= List of Masonic Grand Lodges in Canada =

This is a list of all verifiable organizations that claim to be a Masonic Grand Lodge in Canada.

A Masonic "Grand Lodge" (or sometimes "Grand Orient") is the governing body that supervises the individual "Lodges of Freemasons" in a particular geographical area, known as its "jurisdiction" (usually corresponding to a sovereign state or other major geopolitical unit). Some are large, with thousands of members divided into hundreds of subordinate lodges, while others are tiny, with only a few members split between a handful of local lodges. Sometimes there will only be one Grand Lodge in a given area, but the majority of the time there will be at least two. More often, there will be several competing Grand Lodges claiming the same jurisdictional area, or claiming overlapping areas. This fact leads to debates over legitimacy: Not all Grand Lodges and Grand Orients recognize each other as being legitimate. However, such recognition is not relevant to this list, yet recognition is foundational within the fraternal order. Inclusion in this list only requires the establishment of a physical (as opposed to a virtual, or online) presence, and lodges (regular, unrecognized or clandestine) which acknowledge their governance.

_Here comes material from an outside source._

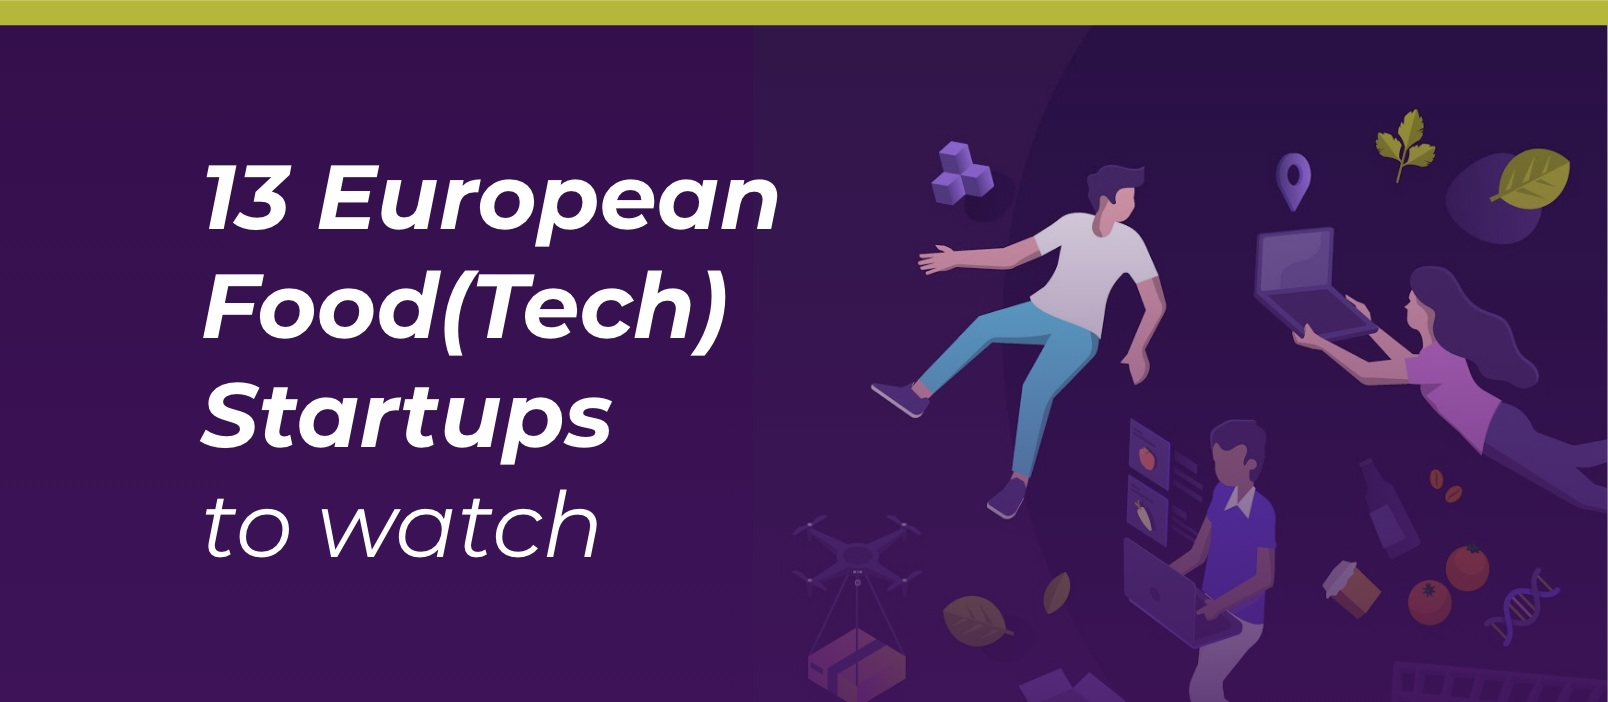 13 European Food(Tech) Startups to Watch

Membership numbers are subject to change; for current figures, check the sources which are indicated in the reference section.

== Canada ==

| State, province, or other geographical area | Headquarters City | Name | Founded | Lodges | Members | Notes |
|---|---|---|---|---|---|---|
| Alberta | Calgary | Grand Lodge of Alberta | 1905 | 116 | 5,900 | CGMNA |
| Quebec | Montréal | Grande Loge ANI du Canada (Grand Lodge ANI of Canada) | 2009 | 5 | 100 | CLIPSAS, COMAM, SCIC; The name "ANI" is an homage to the medieval Armenian city of Ani. |
| British Columbia Yukon | Vancouver | Grand Lodge of British Columbia & the Yukon | 1871 | 134 | 5,799 | CGMNA |
| Canada |  | Le Droit Humain — Fédération canadienne | 1980 | 3 |  | DH |
| Canada |  | Gran Logia de Lengua Española de Canada (Spanish Language) |  | 5 |  |  |
| Manitoba | Winnipeg | Grand Lodge of Manitoba | 1875 | 54 | 1,873 | CGMNA |
| Quebec |  | Grande Loge Nationale du Canada | 1985 | 16 |  | CLIPSAS, COMAM |
| New Brunswick | Saint John | Grand Lodge of New Brunswick | 1867 | 36 | 2,657 | CGMNA |
| Newfoundland and Labrador | St. John's | Grand Lodge of Newfoundland and Labrador | 1997 | 28 | 1,532 | CGMNA |
| Nova Scotia |  | Grand Lodge of Nova Scotia | 1866 | 87 | 4,261 | CGMNA |
| Ontario | Hamilton | Grand Lodge of Canada in the Province of Ontario | 1855 | 521 | 36,733 | CGMNA |
| Ontario Quebec |  | Prince Hall Grand Lodge of Ontario and Jurisdiction | 1856 | 10 |  | PHCGM, PHA |
| Prince Edward Island |  | Grand Lodge of Prince Edward Island | 1875 | 15 | 576 | CGMNA |
| Quebec | Montréal | Grande Loge du Québec | 1869 | 74 | 3,617 | CGMNA |
| Quebec |  | Grande Loge Mixte du Québec | 1979 | 3 |  |  |
| Saskatchewan | Regina | Grand Lodge of Saskatchewan | 1906 | 50 | 2,278 | CGMNA |
| Quebec |  | Grand Orient du Québec | 2012 | 5 |  |  |

The Grand Lodge of Scotland has a District Grand Lodge of Newfoundland and Labrador responsible for 11 lodges.

The Grand Lodge of Alberta also includes the Northwest Territories, particularly a lodge in Yellowknife, although there used to be a lodge in Inuvik in the 2000s (Far North Lodge).